OM : «Je ne savais même pas que c’était autorisé dans le football», un joueur a halluciné avec Roberto De Zerbi !
Hugo Chirossel -
Journaliste
Passionné de football depuis le plus jeune âge, devenir journaliste sportif est rapidement devenu une évidence pour Hugo. Il se découvrira plus tard un amour pour la NBA, avant d’explorer d’autres horizons comme ceux de la Formule 1 et de la NFL.

Poussé vers la sortie l’été dernier après sa bagarre avec Adrien Rabiot, Jonathan Rowe est revenu sur son passage à l’OM et le management de Roberto De Zerbi. L’Anglais a notamment raconté le ritiro organisé à Rome lors de l’exercice précédent et le programme qu’avait concocté l’Italien à ses joueurs.

Dans un entretien accordé à The Athletic, Jonathan Rowe a évoqué quelques épisodes de son passage à l’OM, où il ne sera resté qu’une seule saison. L’ailier âgé de 23 ans a été poussé vers la sortie l’été dernier, en raison de sa bagarre dans les vestiaires avec Adrien Rabiot après la défaite à Rennes (1-0) lors de la première journée de Ligue 1. Une affaire sur laquelle il est revenu, avant d'aborder sa collaboration avec Roberto De Zerbi.

« Avec De Zerbi, j’ai compris qu’il fallait accorder davantage d’attention aux détails »

« Avec De Zerbi, j’ai compris qu’il fallait accorder davantage d’attention aux détails. De la première touche de balle à la passe suivante, jusqu’à ce que le ballon se retrouve de l’autre côté du terrain. C’est comme quand on conduit. Il faut avoir trois coups d’avance au cas où quelque chose se passerait, et être prêt à prendre une décision intelligente », a confié Jonathan Rowe. « Parfois, à l’entraînement, je m’ennuyais un peu, car les combinaisons que nous travaillions étaient principalement axées sur les défenseurs et les milieux de terrain, afin de faire parvenir le ballon jusqu’à nous, les attaquants. On restait plantés là sous un soleil de plomb pendant plusieurs heures. Mais d’une certaine manière, cela entraîne votre cerveau à rester concentré quoi qu’il se passe pendant le match. On ne voyait peut-être le ballon qu’une fois toutes les 10 ou 15 minutes, mais quand on le recevait, il fallait être décisif, faire bouger les choses et créer des occasions. »

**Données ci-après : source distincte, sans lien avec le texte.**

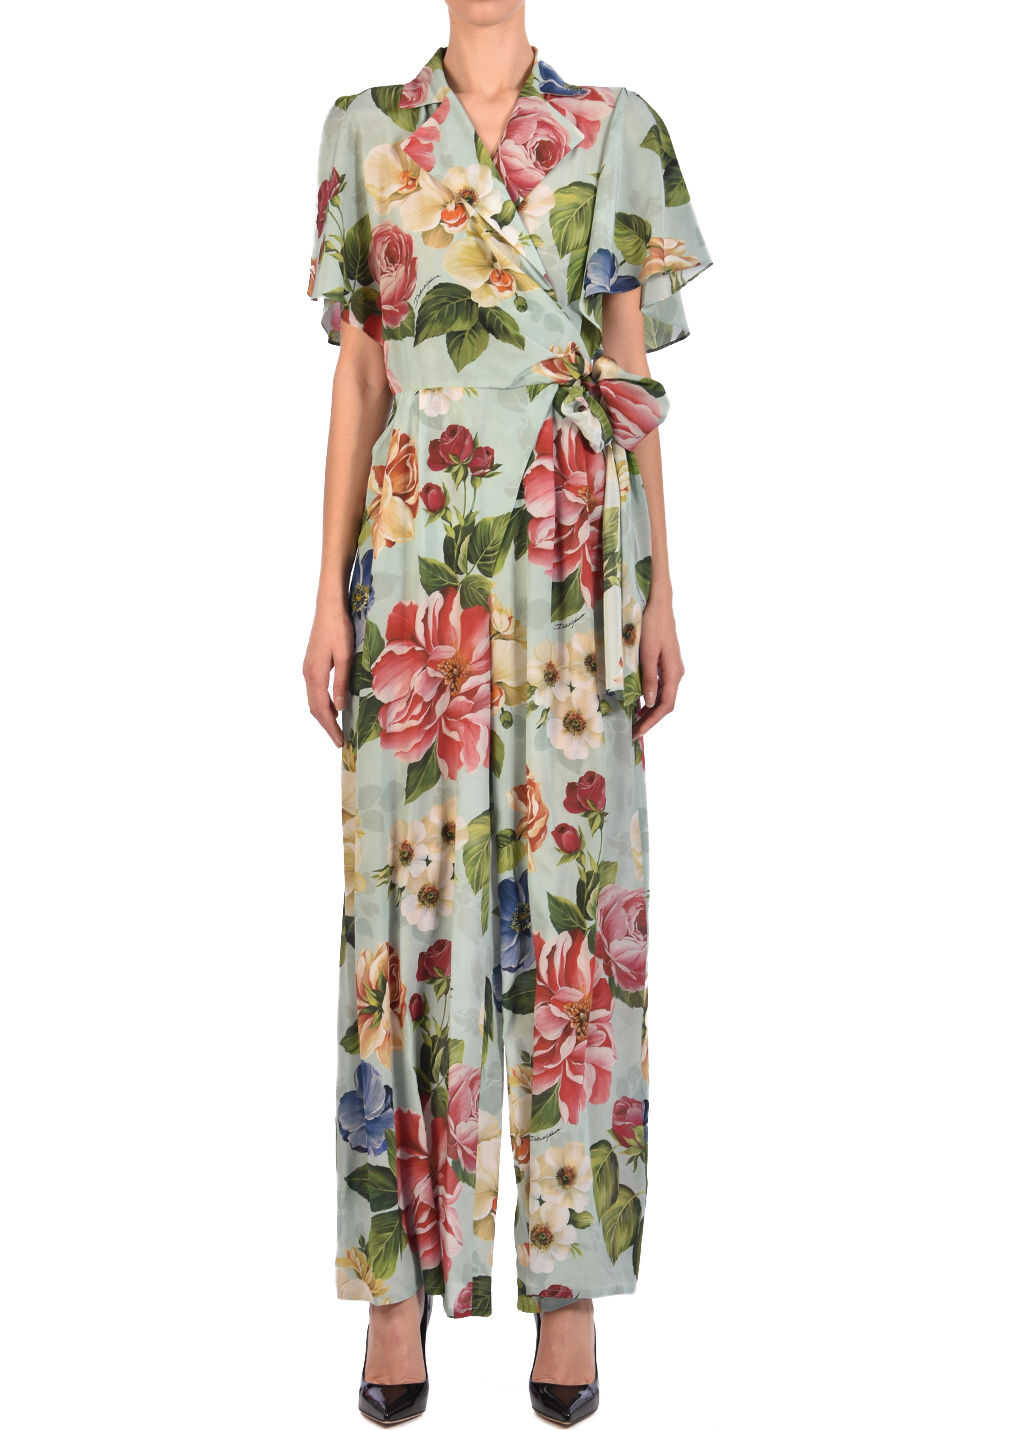 Dolce & Gabbana Floral Silk Jumpsuit Light blue

« De Zerbi en ouvrait un et se mettait à marcher comme si on était des Vikings »

Jonathan Rowe a ensuite expliqué comment s’était déroulé le fameux ritiro à Rome que l’OM et Roberto De Zerbi avaient organisé en fin de saison dernière : « Je n’avais jamais fait ça auparavant. Je ne savais même pas que c’était autorisé dans le football. On est allés au milieu de nulle part, dans les bois, dans le froid. On se réveillait à 4 heures du matin. On allait courir ou on marchait dans les bois. Ensuite, on faisait des pompes, un petit circuit de renforcement musculaire avec des lampes de poche dans le noir complet, puis une autre marche. Ensuite, on faisait des sprints en côte. Tu sais, les feux d’artifice, les pyrotechniques ; peu importe comment tu appelles ce que les supporters utilisent dans les stades. Il en ouvrait un et se mettait à marcher comme si on était des Vikings. »

« C’était un changement radical par rapport à Marseille avec De Zerbi »

À la fin du mois d’août, Jonathan Rowe a été transféré à Bologne contre un montant estimé à 17M€, lui qui a inscrit 8 buts et délivré 5 passes décisives toutes compétitions confondues cette saison. « C’était un changement radical par rapport à Marseille avec De Zerbi : conserver le ballon et chercher la moindre ouverture, le moindre espace entre les lignes. C’était un changement de mentalité, car à mon arrivée, j’essayais surtout de combiner avec les joueurs, de faire des passes courtes. Eux, ils jouaient long. Et je me disais : “Mais qu’est-ce que vous faites ?” Ils me répondaient : “C’est comme ça qu’on joue ?” C’était un peu bizarre. Mais avec le temps, naturellement, on crée des liens, on tisse des relations avec ses coéquipiers. On commence à comprendre leurs points forts et ils commencent à mieux comprendre les nôtres. Il faut s’adapter et je suis plutôt doué pour ça », a-t-il ajouté.